The fund is now in its second phase of capital-raising. In its first phase, it raised 138.7 billion yuan ($21.95 billion). Established in 2014 with support from the finance ministry and other Beijing-backed entities, it is China's most prominent investment vehicle. Its aim is to help build a competitive chip ecosystem for China so that the country can cut heavy reliance on foreign suppliers. The fund has also led local governments and private-sector entities in investments.

"We strongly urge local governments to invest rationally in semiconductor segments and we are specifically against the idea of them building similar and low-end chips," Ding said in response to a question about how his agency would ensure the quality of investments so as to avoid causing a supply glut.

Ding said the development of the semiconductor industry is a top priority for China, as outlined in the latest government work report by Premier Li Keqiang during the National People's Congress that is ongoing.

Ding Wenwu, president of the China IC Industry Investment Fund, said the development of the semiconductor industry is China's top priority.

China imported more than $260 billion of chip-related products in 2017, a much bigger amount than it spends on oil, according to Ding. Chips are the brains of electronic devices, and can be used for surveillance. Hence, their production and development have national security implications and form a strong incentive for China to work relentlessly to expand the sector.

China has two notable mobile core processor makers -- Huawei's Hisilicon Technologies and Tsinghua Unigroup's Unigroup Spreadtrum & RDA. But it does not own any substantial memory chip titans the likes of Samsung Electronics, SK Hynix and Toshiba; or FPGA chipmakers like U.S.-based Xilinx and Intel-controlled Altera.

Wang Zhanfu, chairman of the China Integrated Circuit Industry Investment Fund, said that China will need at least a national fund of 170 billion yuan to 210 billion yuan over the next five years, according to an article in Beijing-backed Posts & Telecommunications Press in December. Those numbers hint at the Big Fund's target for the second phase that it is currently raising. The whole semiconductor industry in China will require financing of up to 1.4 trillion yuan in the same period, said Wang in the article.
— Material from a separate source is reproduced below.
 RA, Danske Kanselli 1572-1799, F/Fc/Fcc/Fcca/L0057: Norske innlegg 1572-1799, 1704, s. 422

Over the past three years, the Big Fund invested in a wide range of companies including Semiconductor Manufacturing International, Jiangsu Changjiang Electronics Technology, Unigroup Spreadtrum & RDA, and Yangtze Memory Technology. The fund also financed Naura Microelectronics Equipment and Advanced Micro-fabrication Equipment -- both distant counterparts of western chip gear giants such as Applied Materials, Lam Research and ASML.